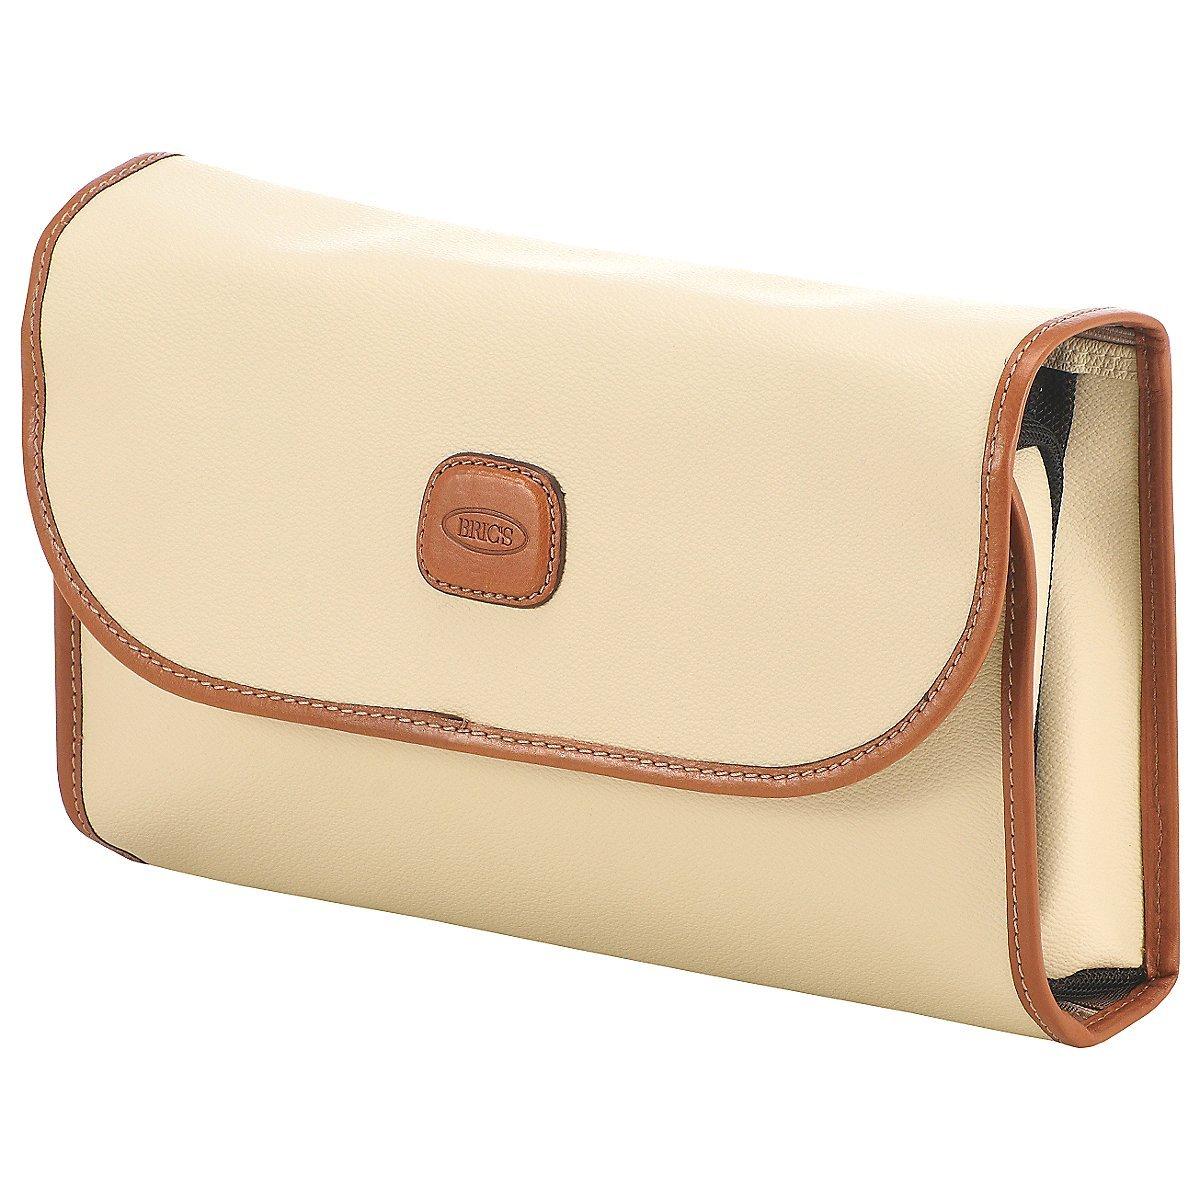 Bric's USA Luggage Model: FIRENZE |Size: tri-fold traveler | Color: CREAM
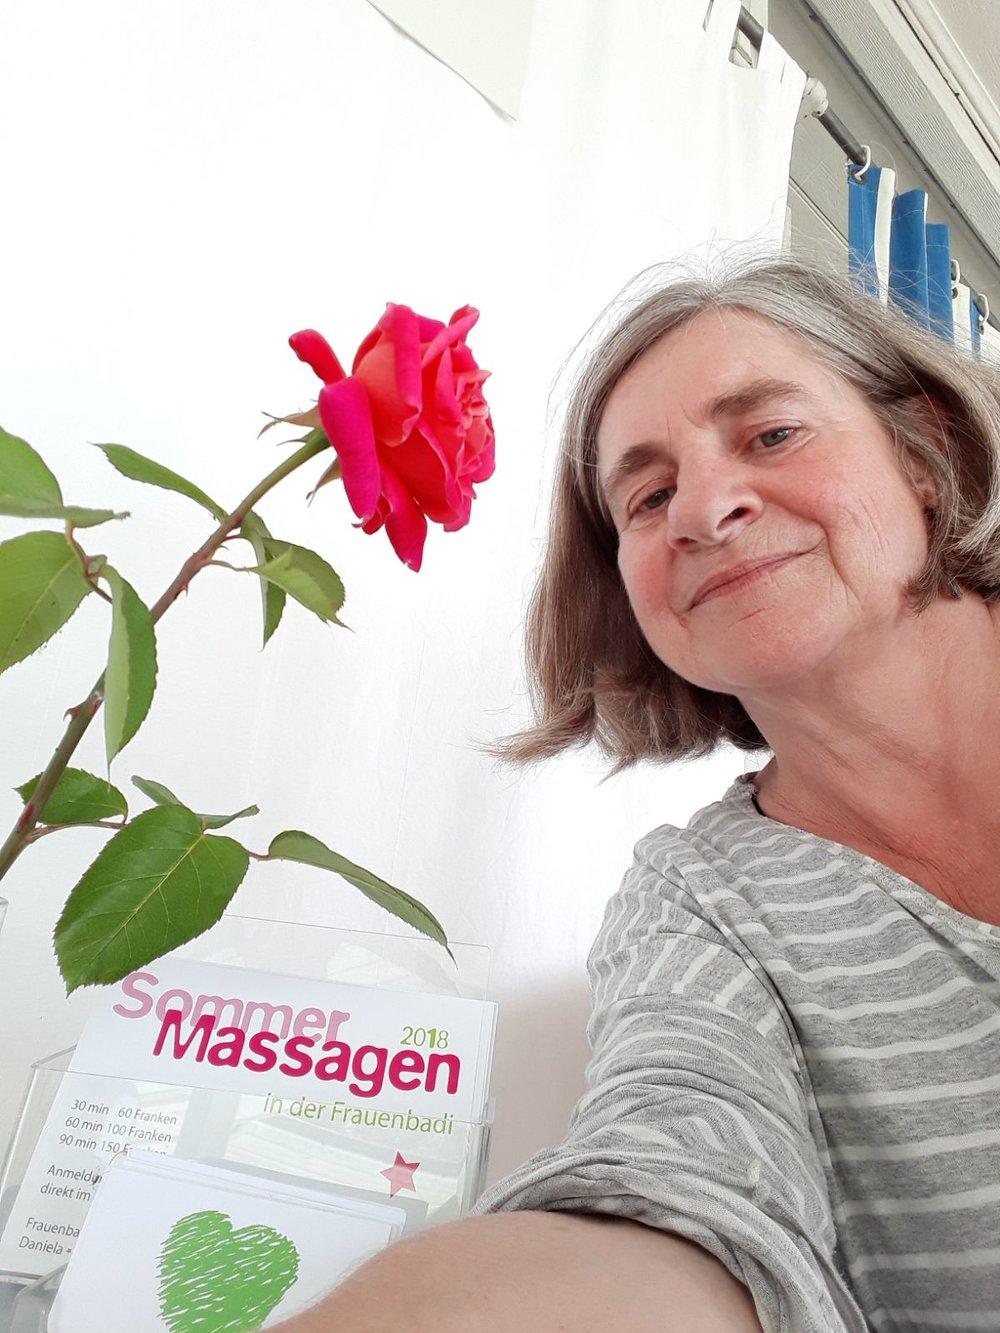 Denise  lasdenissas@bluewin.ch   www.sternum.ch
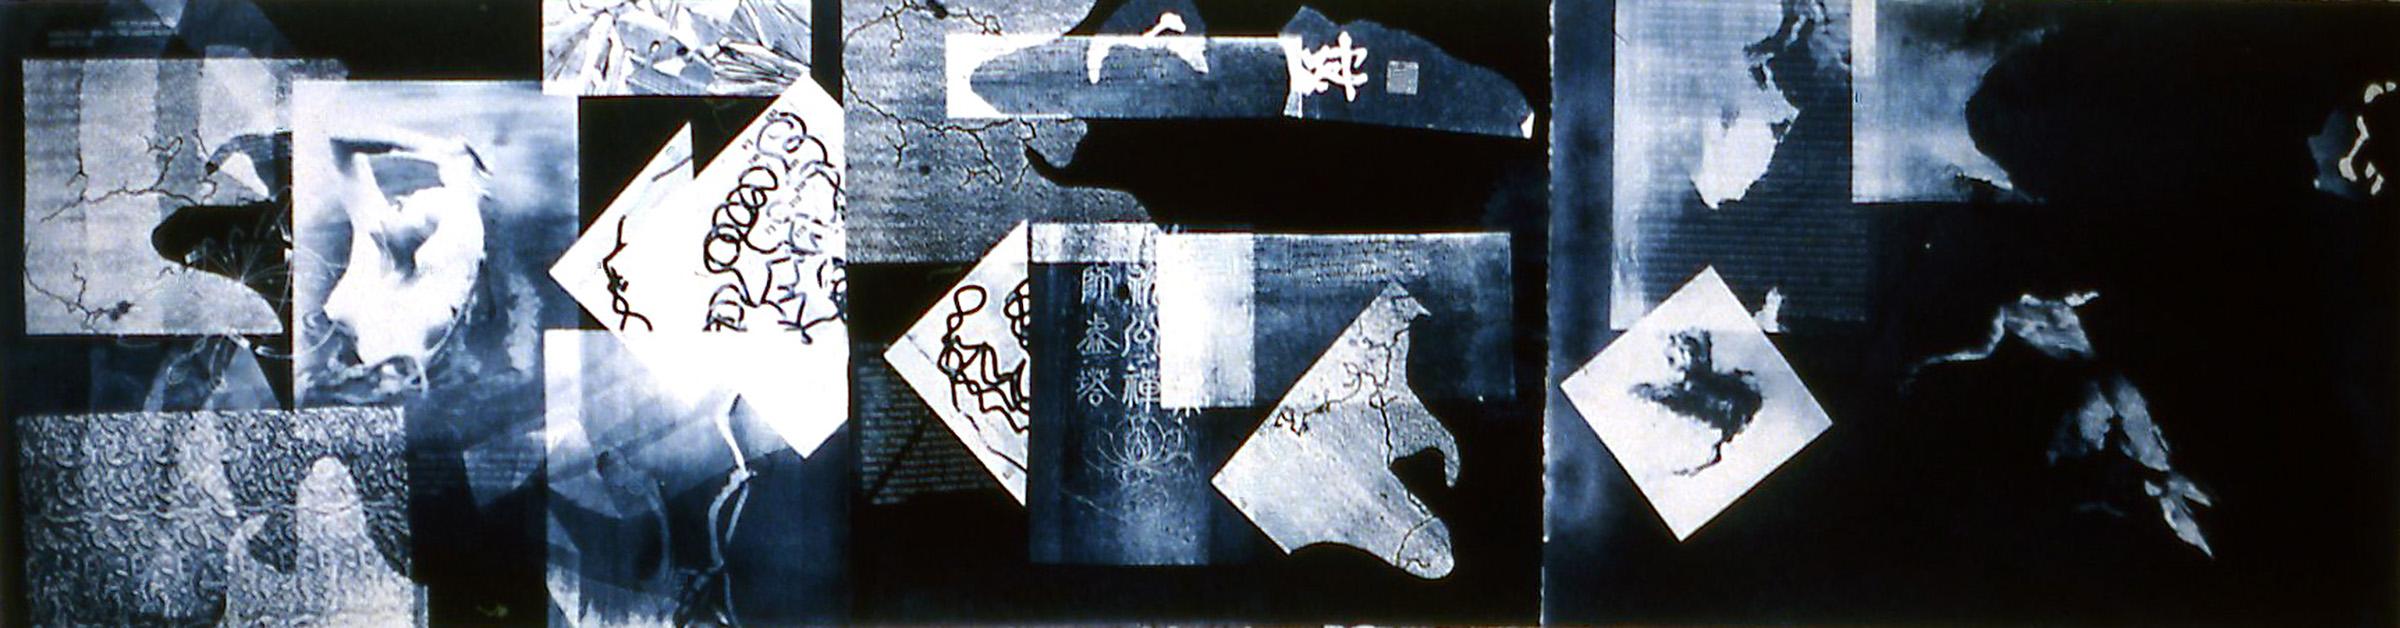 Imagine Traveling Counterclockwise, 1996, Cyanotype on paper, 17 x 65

**WORK INSTRUCTIONS**
Return the data exactly. Do not carry over any images.

**RESPONSE AREA**
 Bric's USA Luggage Model: FIRENZE |Size: tri-fold traveler | Color: CREAM
 Denise  lasdenissas@bluewin.ch   www.sternum.ch
 Imagine Traveling Counterclockwise, 1996, Cyanotype on paper, 17 x 65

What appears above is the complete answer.